Background
Investors Title Company is a holding company and trades
under the symbol ITIC on the NASDAQ exchange.
ITIC is a small-cap residential and commercial title insurance company
that operates as one reporting segment through two companies, Investors Title
Insurance Company (ITIC) and National Investors Title Insurance Company
(NITIC). NITIC was acquired in 1983 and
had formally been known as Northeast Investors Title Insurance Company. At a
recent market cap in the high 300M range, ITIC has a relatively light trading volume
at just under 5000 shares daily.
Although ITIC is a small player in the (US) national title insurance
market, its ability to generate high margins, a growing presence in
regional markets, a family-based ownership structure, generous dividend payouts, and
growth patterns are all factors that initially attracted me to invest in this company.

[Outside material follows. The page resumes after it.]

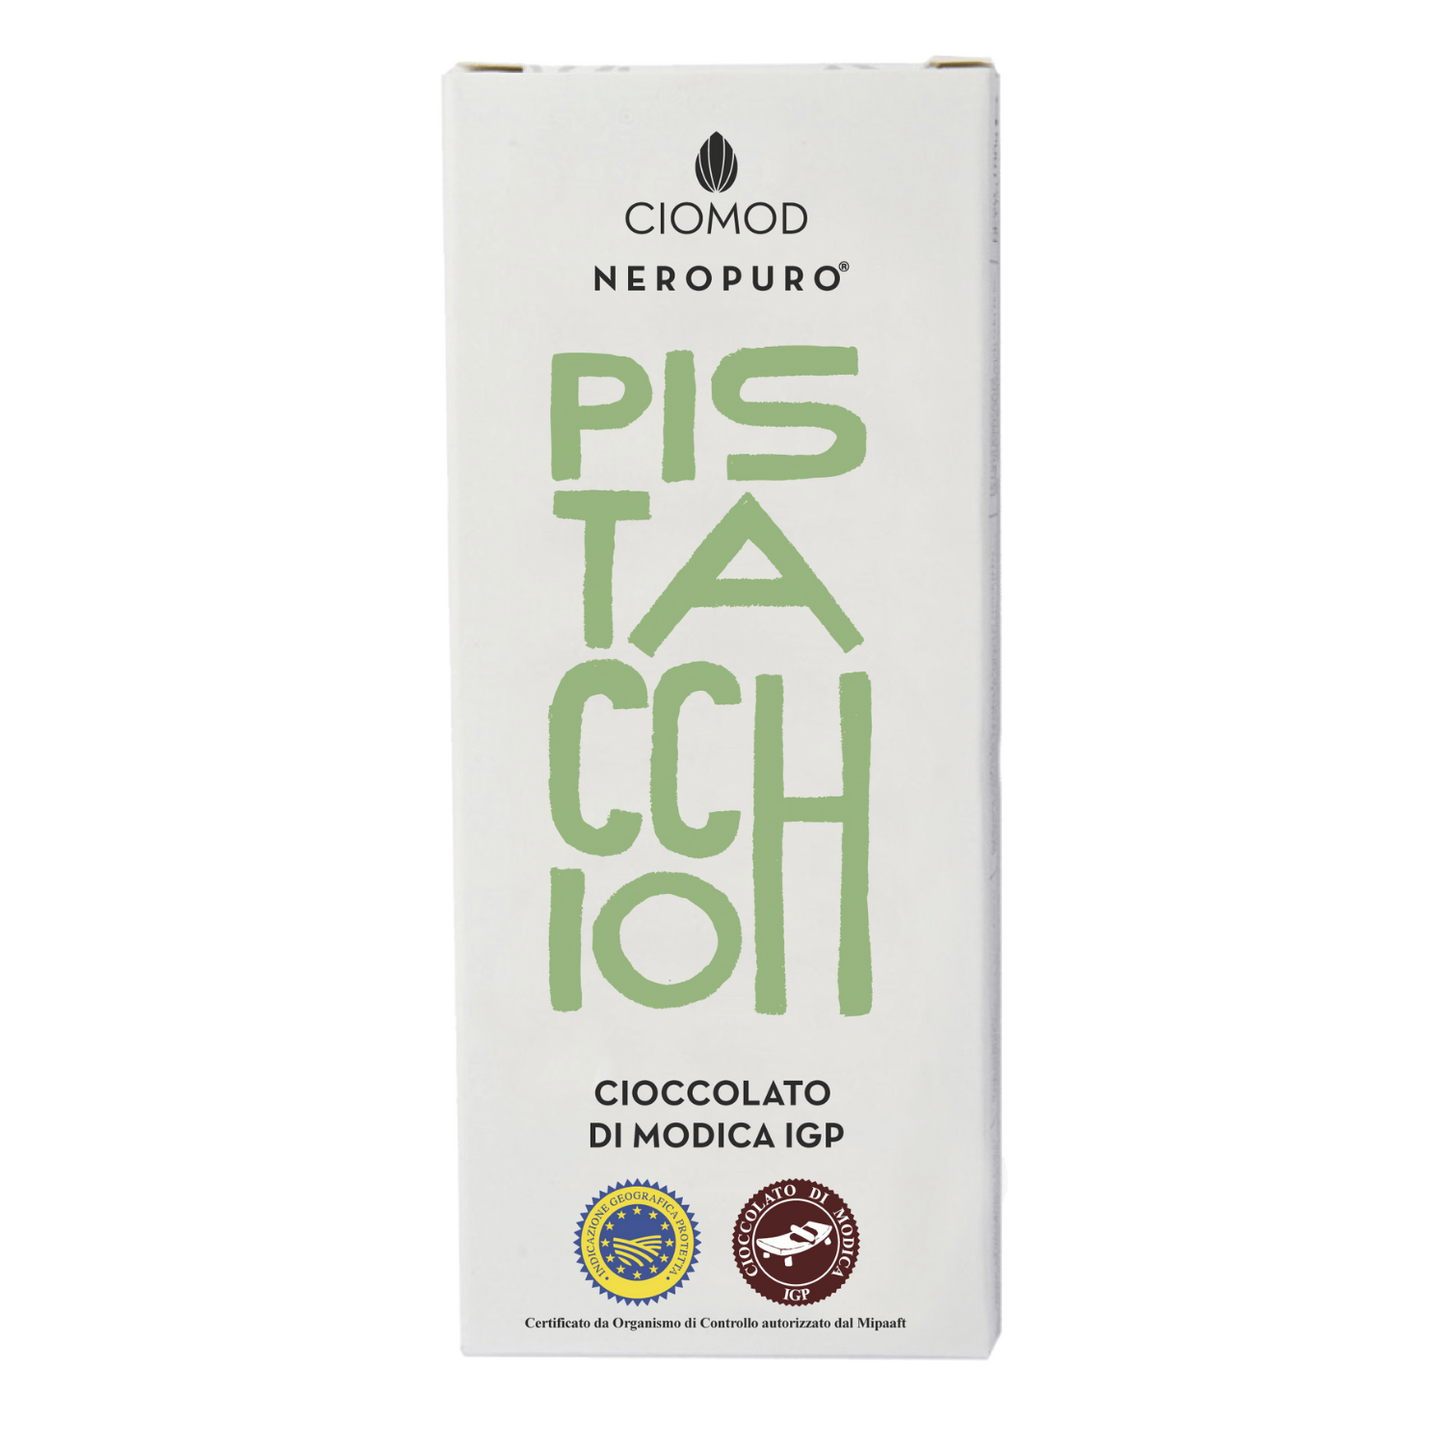 Cioccolato di Modica Igp Pistacchio - Ciomod

Each factor will be explored
in greater detail below in the investment thesis. This write-up is intended to help solidify my
case for investment in ITIC. I expect
this company to perform over a longer-term investment period of 5-10 years and
provide an annual return ranging from 5-10%.
The company's stock was purchased at a smaller than normal discount
(approx. 20%) to my estimate of fair value, which is primarily based on its
book value multiple. While I’m typically
looking for companies selling at deeper discounts, ITIC provides enough
downside protection to justify the lower expected returns.
Investment Thesis
Title insurance is a mandatory part of real estate
transactions in the US. Most buyers of title insurance only become aware of its need through the home buying process. Since title insurance is tied to real estate transactions, home building and refinancing are directly proportional to the number of policies written and revenues of title
insurance companies in the US. While ITIC’s
performance has certainly been influenced by the overall level of activity in
home buying (and refinancing), it has been profitable since 1984 in all but two
years (1992 & 2008). In each of the
two losing years, the losses were relatively minor at just over $1M. This performance and a very conservative
capital structure provides a reasonable assurance that even under distressed
housing market conditions, ITIC is not likely to suffer a solvency crisis.
Notably, ITIC has continued to grow revenue at an
accelerating 10-year growth rate for the past 5 years. At the same time, net margins have continued
to climb to an average of 20%. While certainly this growth has been fueled
by the fall in interest rates over the same period, ITIC has also grown their
capital reserves to a very high level.
This high level of cash and short-term investments are expected to
cushion any fall in premium revenues caused by rising mortgage rates while
protecting the investment from a precipitous price decline during short or
extended periods of reduced housing financing activity.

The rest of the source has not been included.